--- Dataset section ---

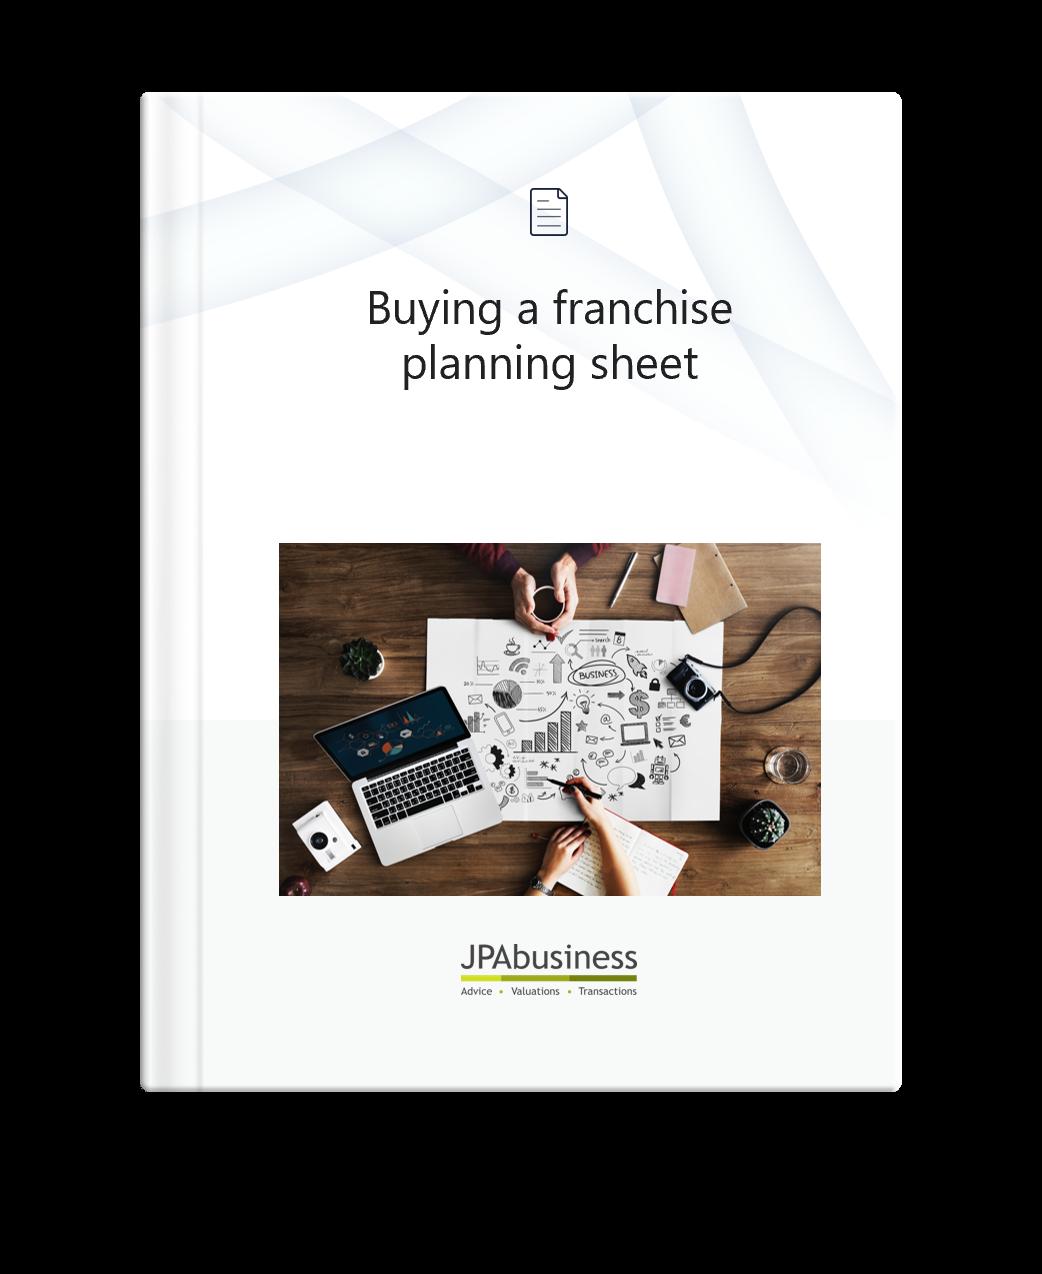 Buying a franchise planning sheet   JPAbusiness
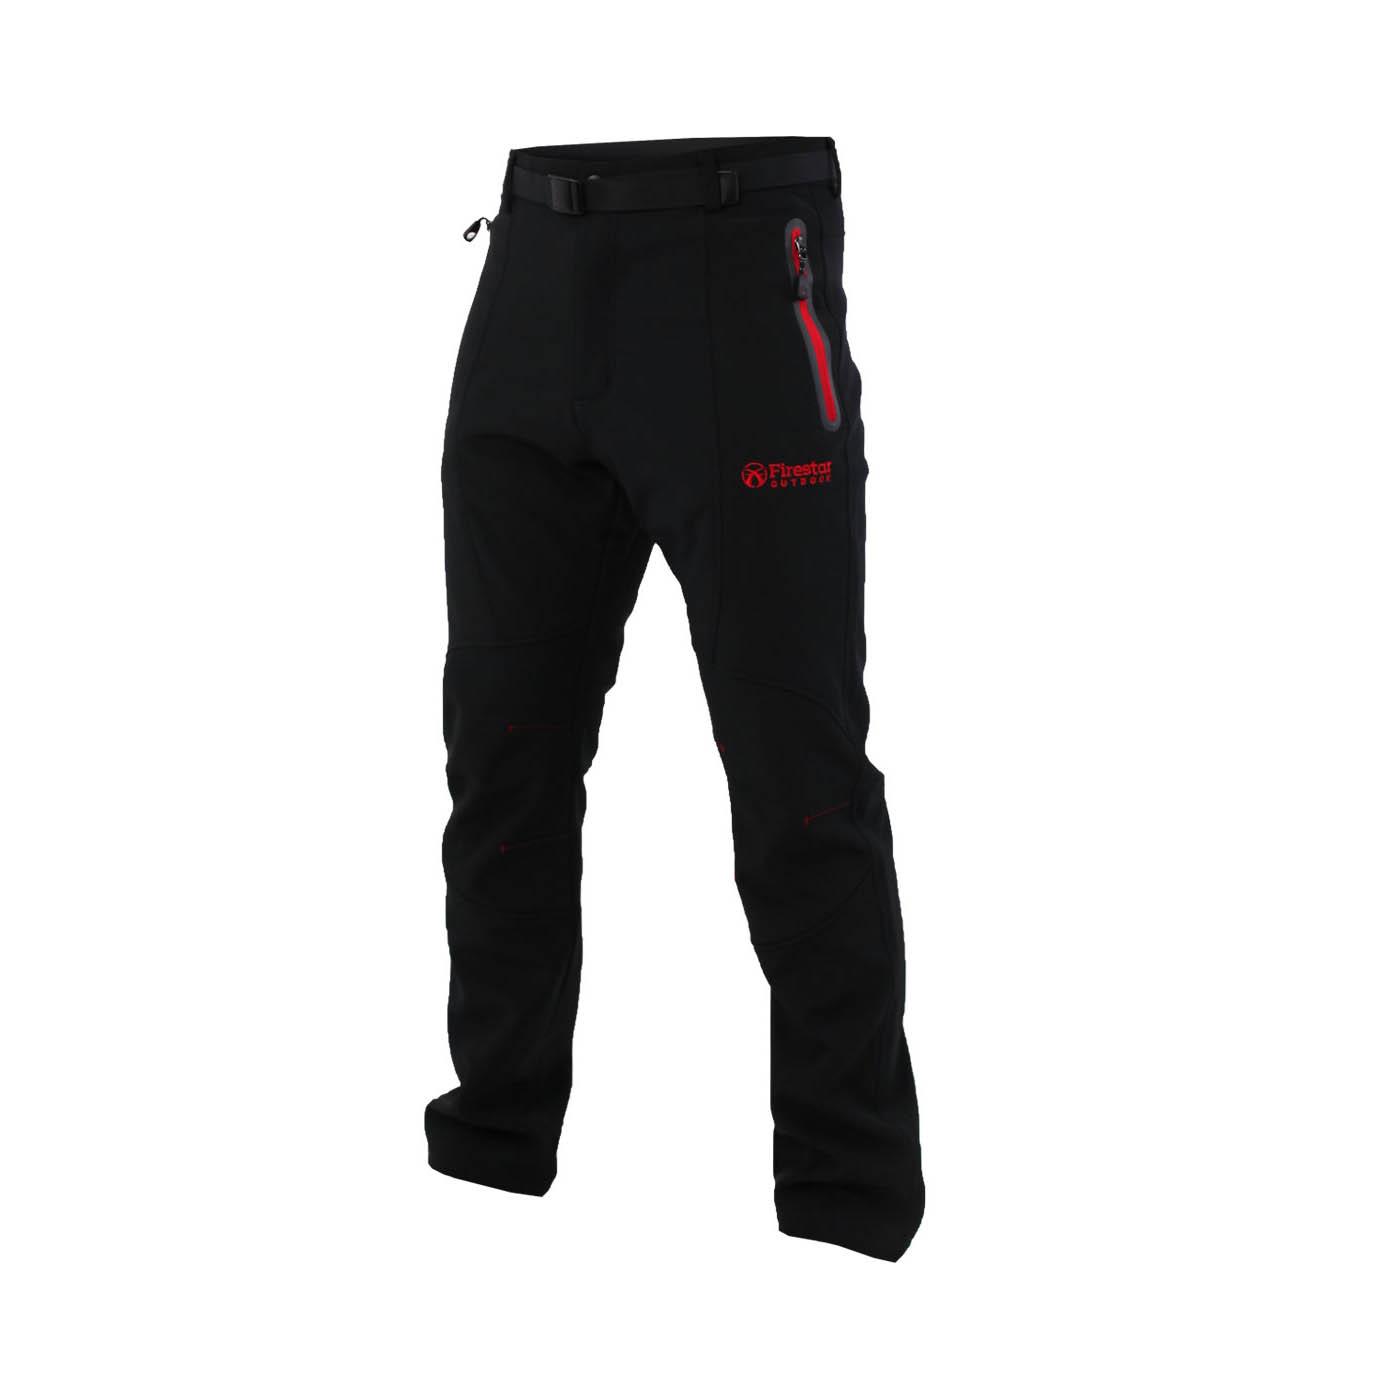 FIRESTAR 男款彈性平織磨毛裏長褲 P6573-40 - 黑紅
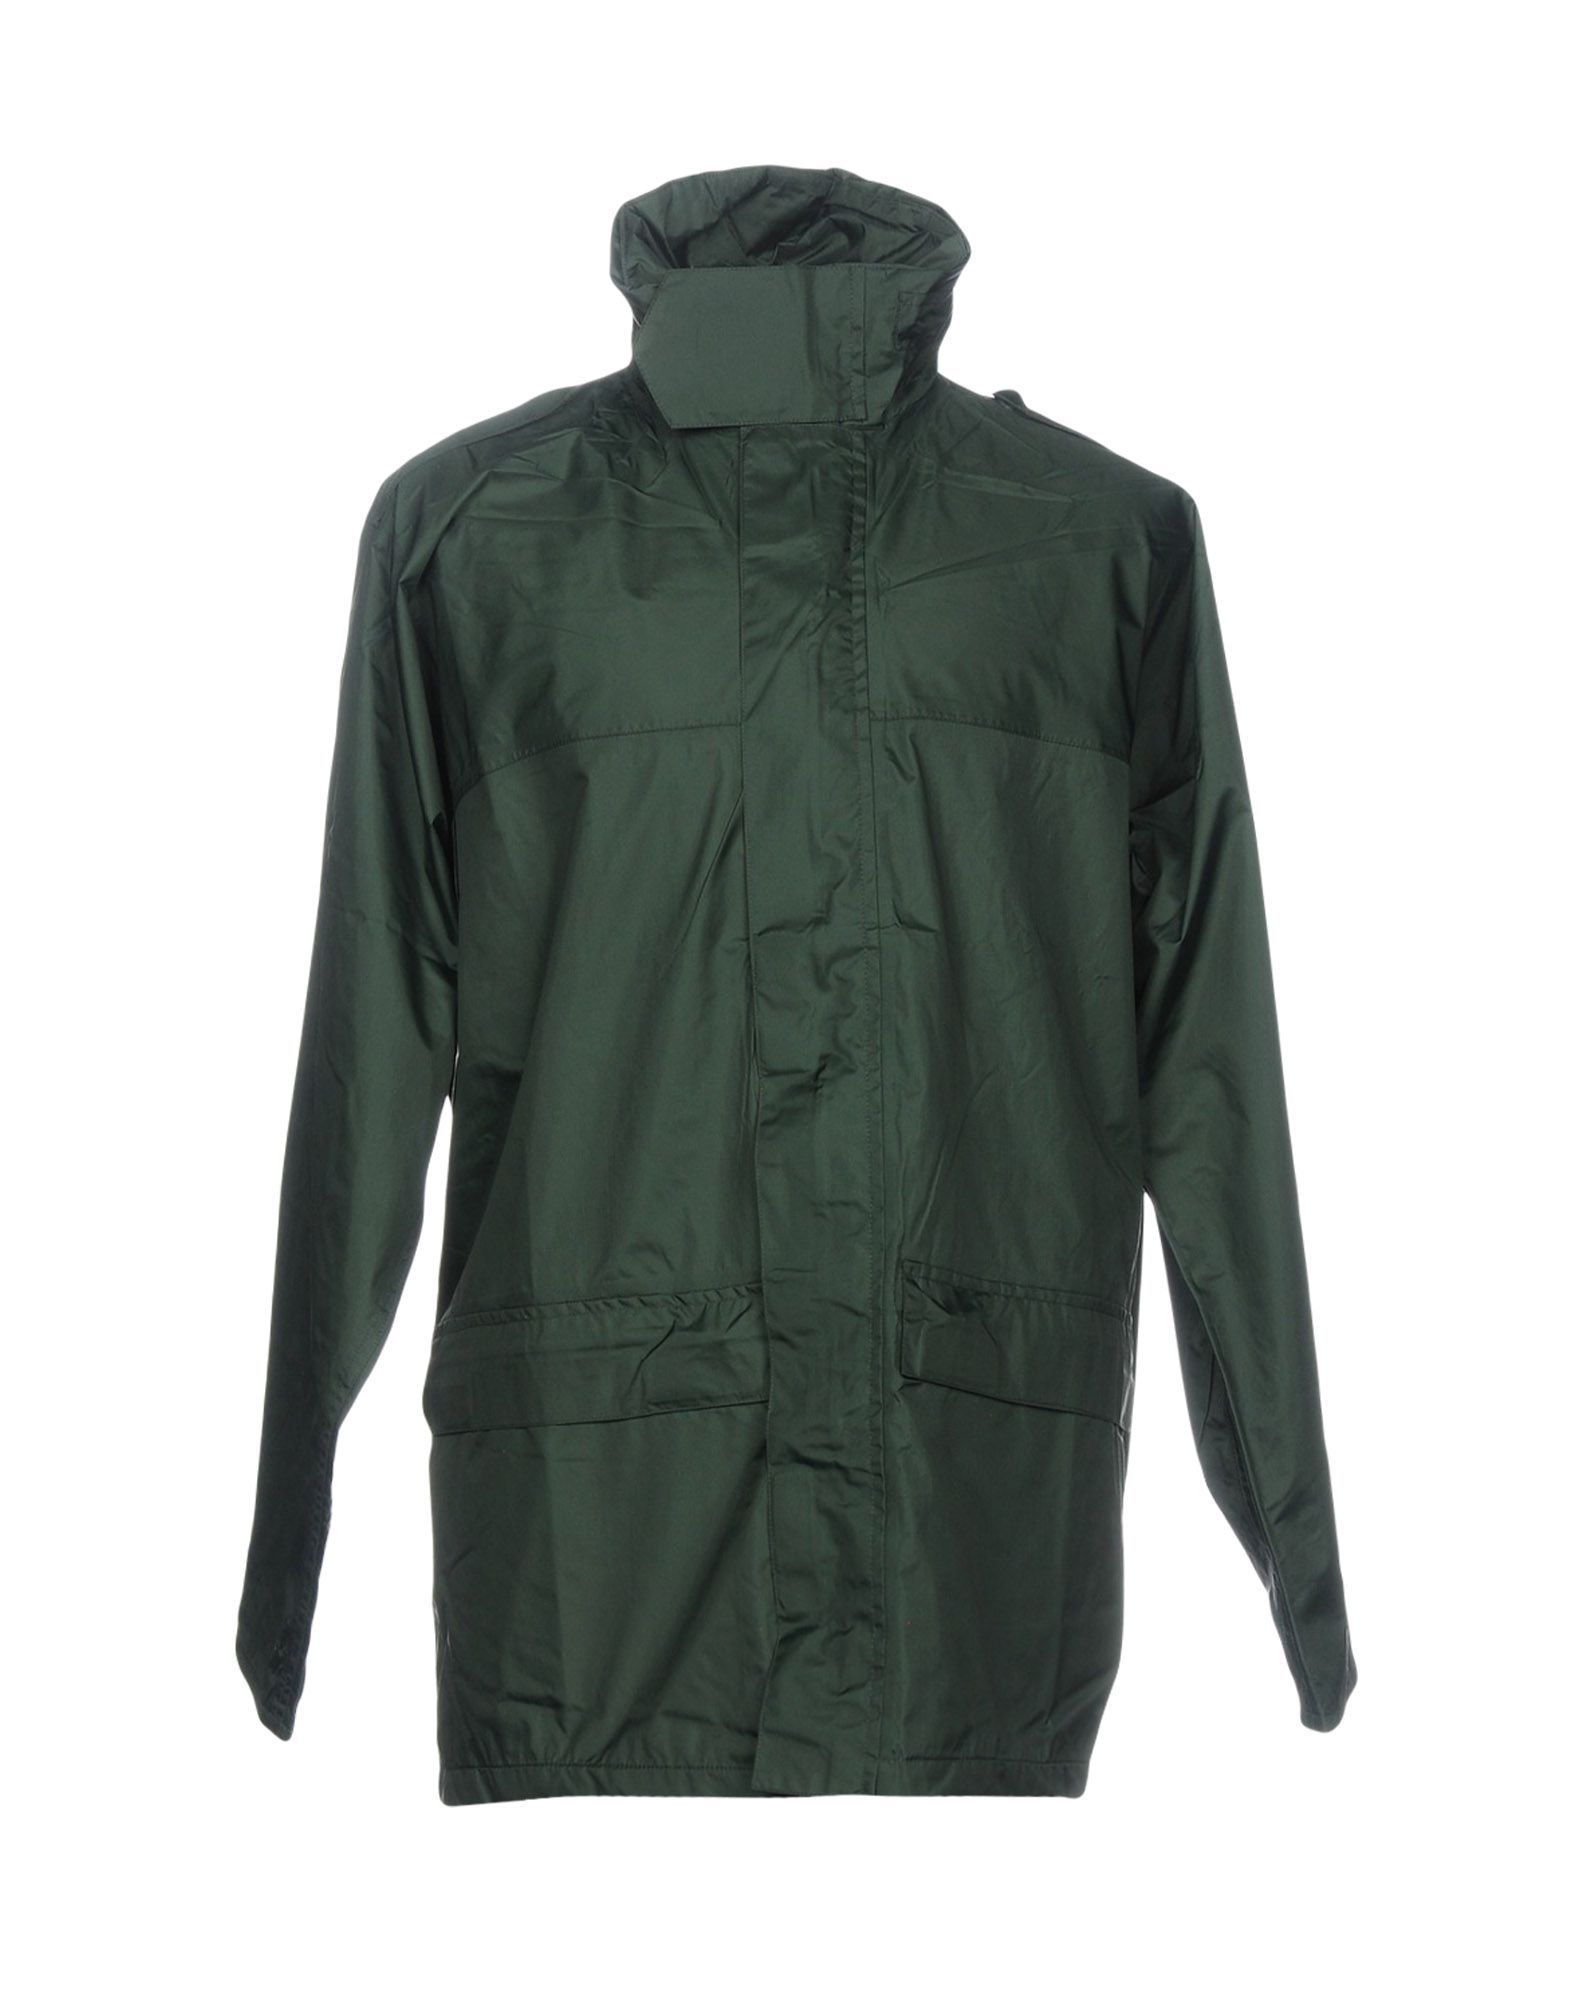 Aspesi Dark Green Techno Fabric Jacket
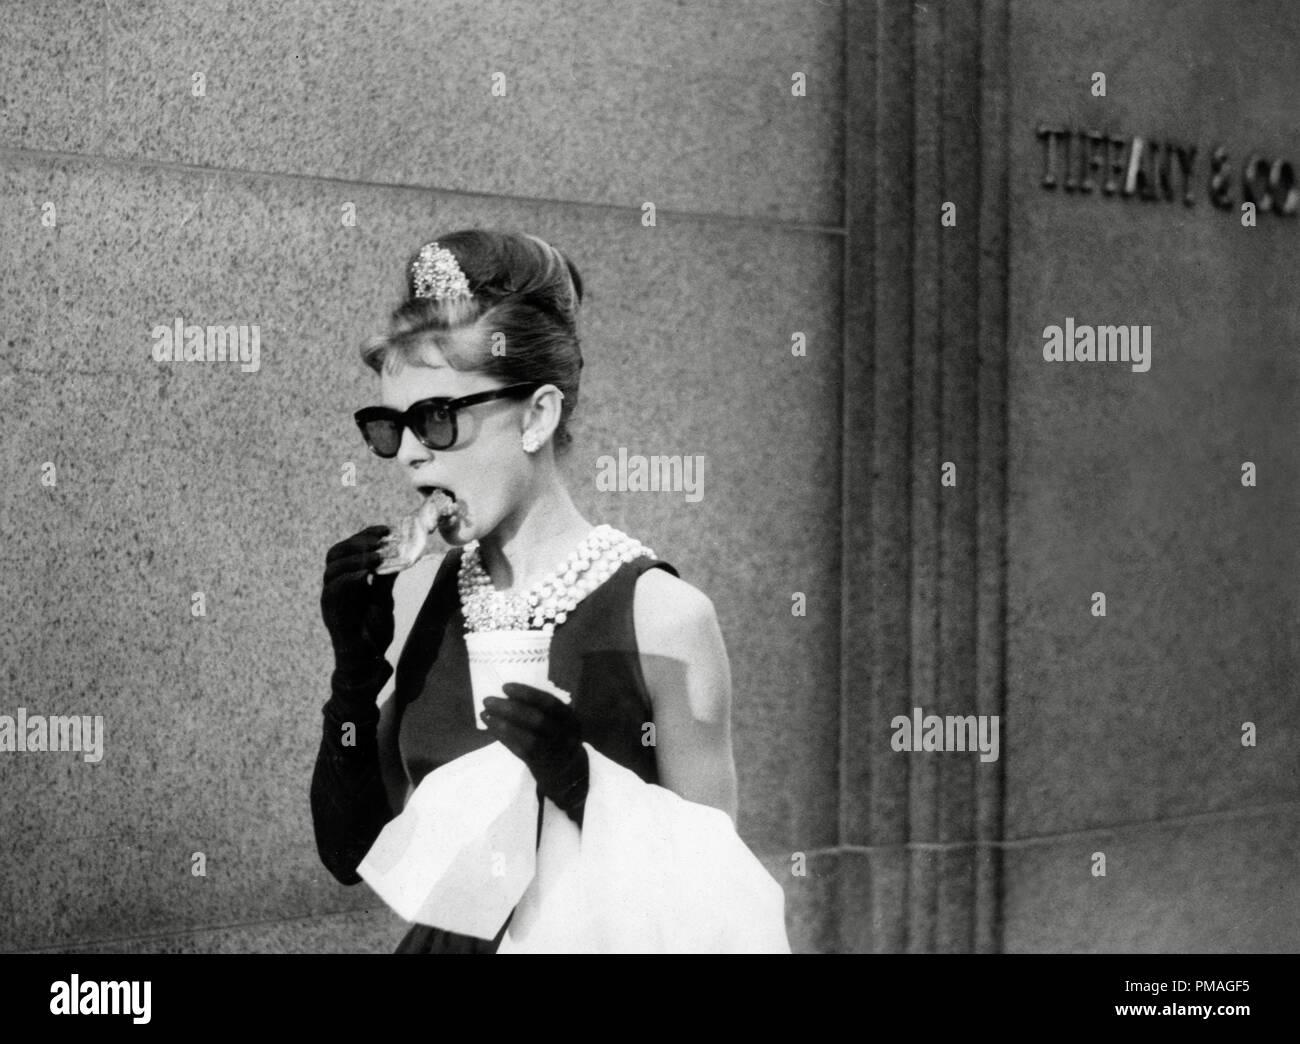 Audrey Hepburn, 'Breakfast at Tiffany's' 1961 ParamountFile Reference # 32733_058THA - Stock Image

---

Drop the pictures; repeat the listing above exactly.

Output below:
 Buying a franchise planning sheet   JPAbusiness
 FIRESTAR 男款彈性平織磨毛裏長褲 P6573-40 - 黑紅
 Aspesi Dark Green Techno Fabric Jacket
 Audrey Hepburn, 'Breakfast at Tiffany's' 1961 ParamountFile Reference # 32733_058THA - Stock Image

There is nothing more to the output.